Data Types¶

Lance uses Apache Arrow as its in-memory data format. This guide covers the supported data types with a focus on array types, which are essential for vector embeddings and machine learning applications.

Arrow Type System¶

Lance supports the full Apache Arrow type system. When writing data through Python (PyArrow) or Rust (arrow-rs), the Arrow types are automatically mapped to Lance's internal representation.

Primitive Types¶

Arrow Type	Description	Example Use Case
`Boolean`	True/false values	Flags, filters
`Int8`, `Int16`, `Int32`, `Int64`	Signed integers	IDs, counts
`UInt8`, `UInt16`, `UInt32`, `UInt64`	Unsigned integers	IDs, indices
`Float16`, `Float32`, `Float64`	Floating point numbers	Measurements, scores
`Decimal128`, `Decimal256`	Fixed-precision decimals	Financial data
`Date32`, `Date64`	Date values	Birth dates, event dates
`Time32`, `Time64`	Time values	Time of day
`Timestamp`	Date and time with timezone	Event timestamps
`Duration`	Time duration	Elapsed time

String and Binary Types¶

Arrow Type	Description	Example Use Case
`Utf8`	Variable-length UTF-8 string	Text, names
`LargeUtf8`	Large UTF-8 string (64-bit offsets)	Large documents
`Binary`	Variable-length binary data	Raw bytes
`LargeBinary`	Large binary data (64-bit offsets)	Large blobs
`FixedSizeBinary(n)`	Fixed-length binary data	UUIDs, hashes

Blob Type for Large Binary Objects¶

Lance provides a specialized Blob type for efficiently storing and retrieving very large binary objects such as videos, images, audio files, or other multimedia content. Unlike regular binary columns, blobs are stored out-of-line and support lazy loading, which means you can read portions of the data without loading everything into memory.
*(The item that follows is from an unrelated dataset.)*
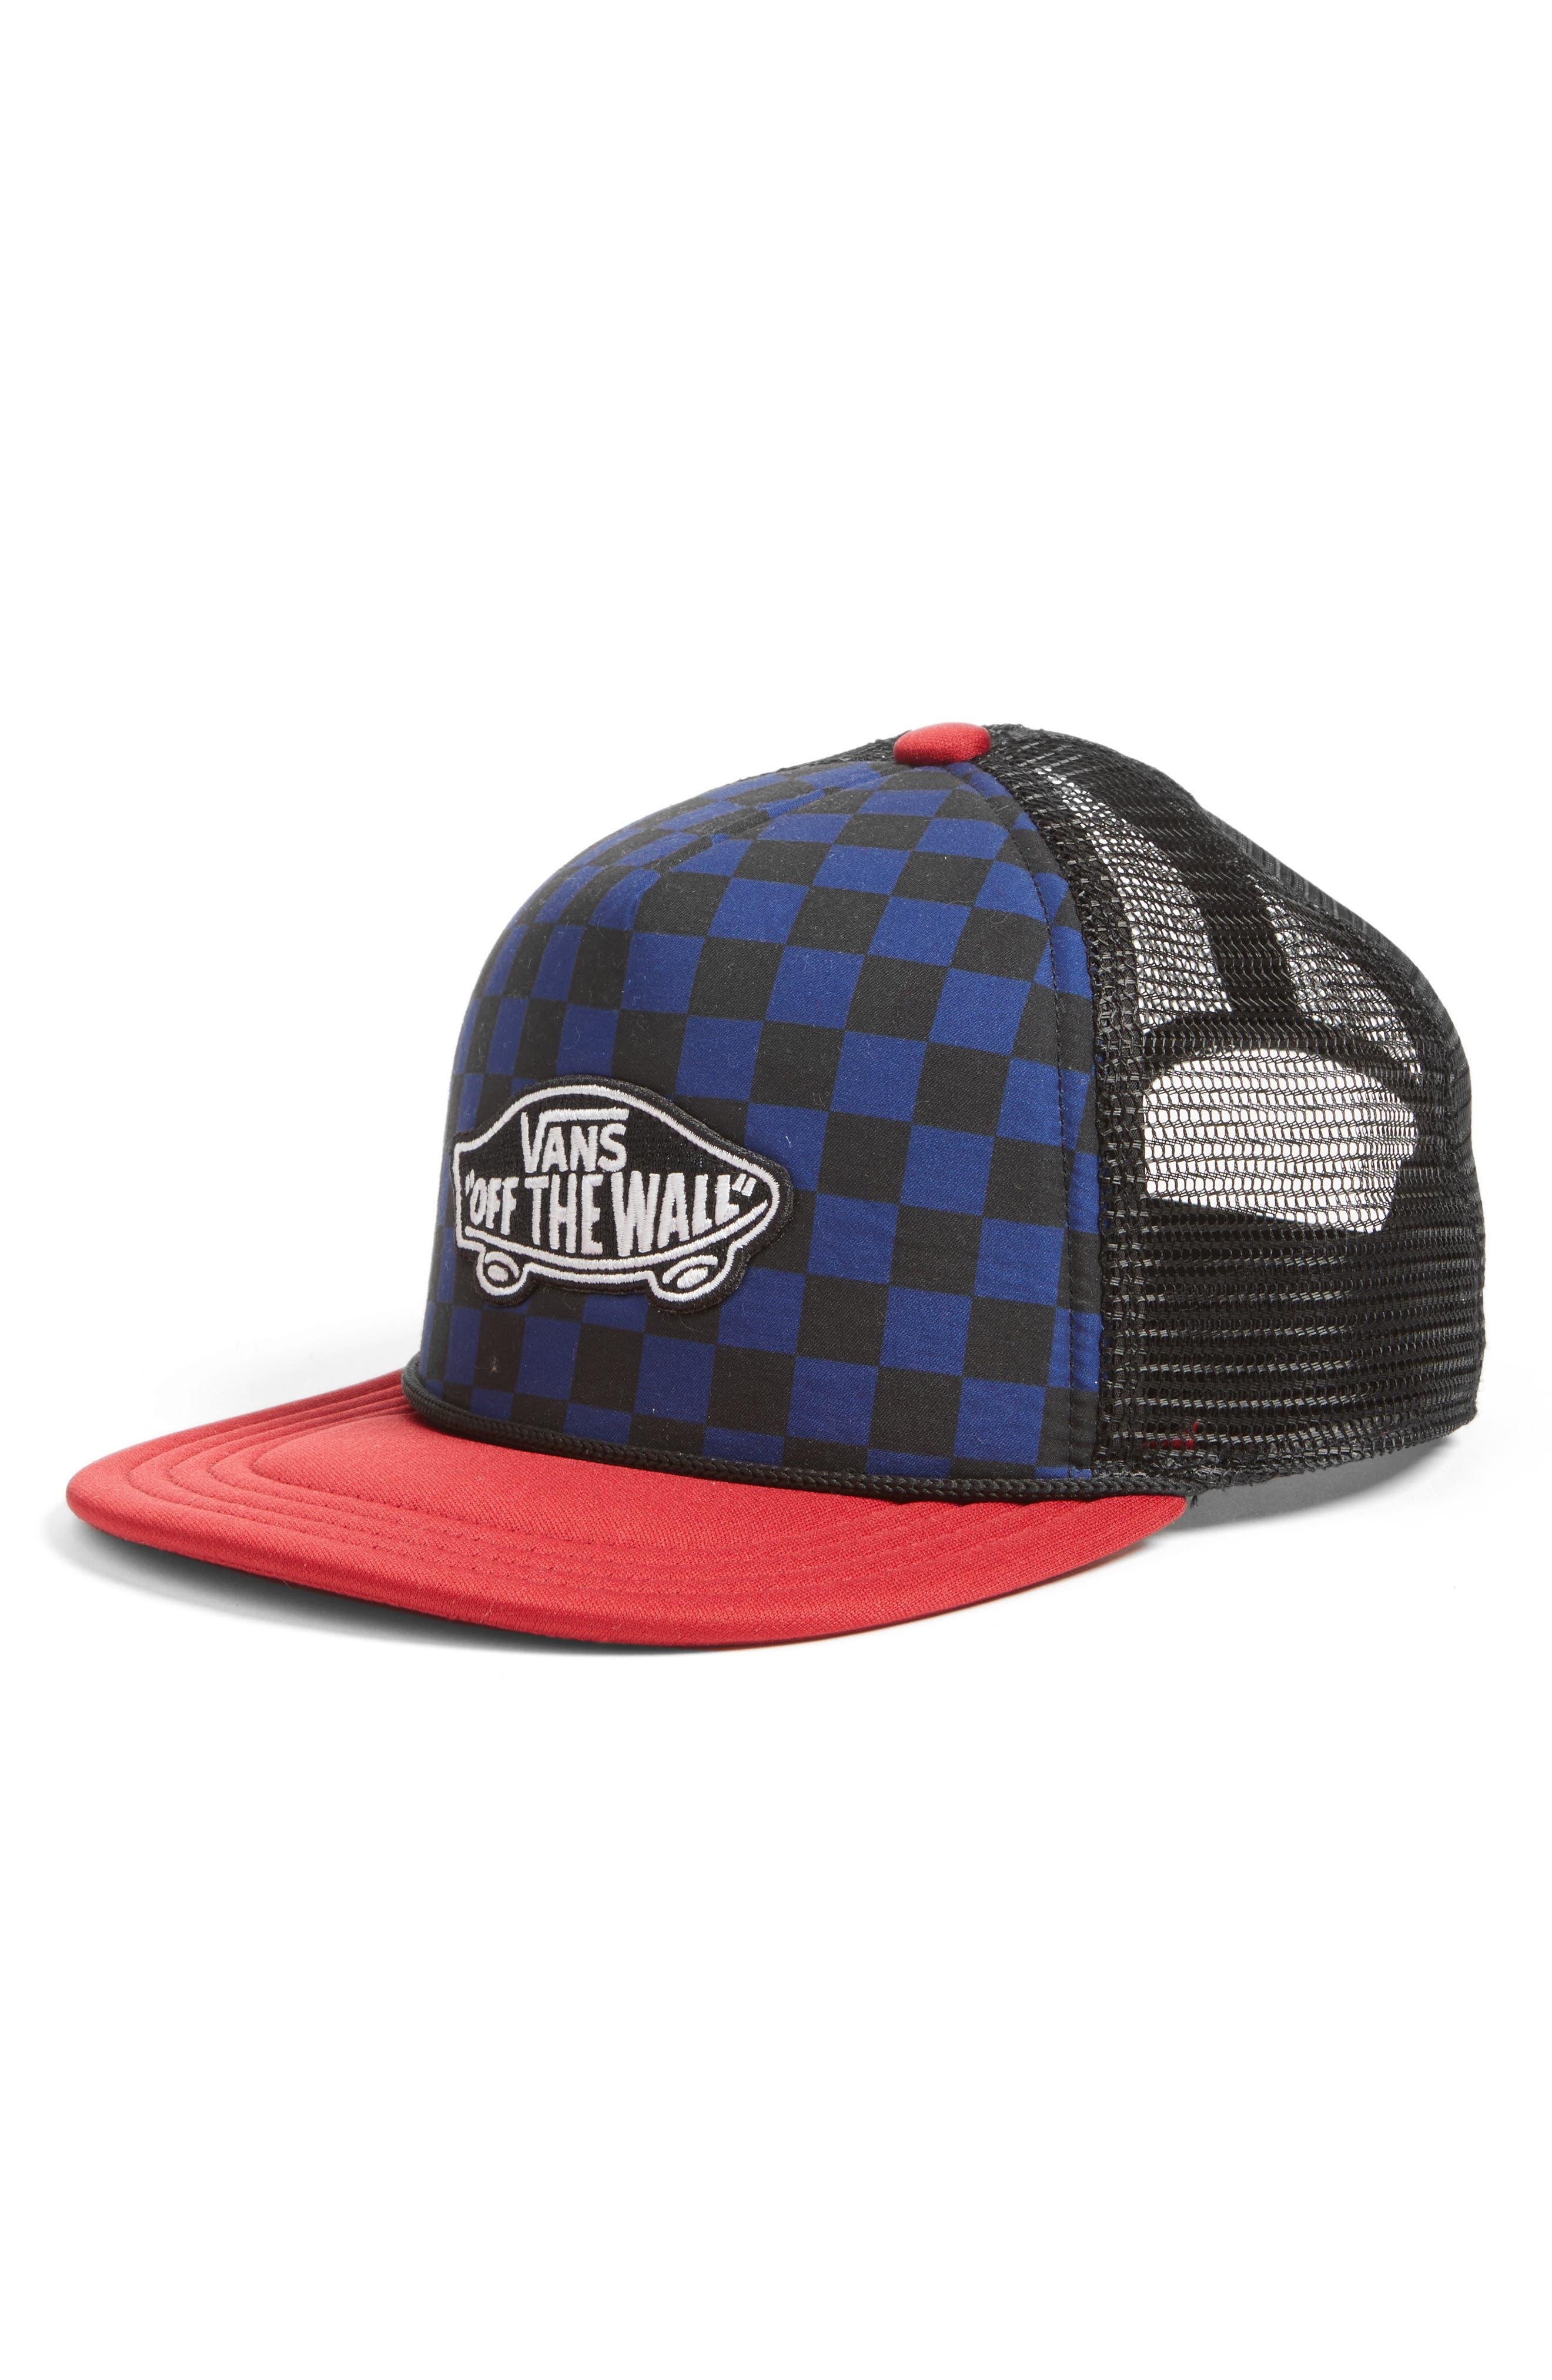 Alternate Image 1 Selected - Vans Classic Patch Trucker Hat (Big Boys)

To create a blob column, add the lance-encoding:blob metadata to a LargeBinary field:

import pyarrow as pa
import lance

# Define schema with a blob column for videos
schema = pa.schema([
    pa.field("id", pa.int64()),
    pa.field("filename", pa.utf8()),
    pa.field("video", pa.large_binary(), metadata={"lance-encoding:blob": "true"}),
])

# Read video file
with open("sample_video.mp4", "rb") as f:
    video_data = f.read()

# Create and write dataset
table = pa.table({
    "id": [1],
    "filename": ["sample_video.mp4"],
    "video": [video_data],
}, schema=schema)

ds = lance.write_dataset(table, "./videos.lance", schema=schema)

To read blob data, use take_blobs() which returns file-like objects for lazy reading:

# Retrieve blob as a file-like object (lazy loading)
blobs = ds.take_blobs("video", ids=[0])

# Use with libraries that accept file-like objects
import av  # pip install av
with av.open(blobs[0]) as container:
    for frame in container.decode(video=0):
        # Process video frames without loading entire video into memory
        pass

For more details, see the Blob API Guide.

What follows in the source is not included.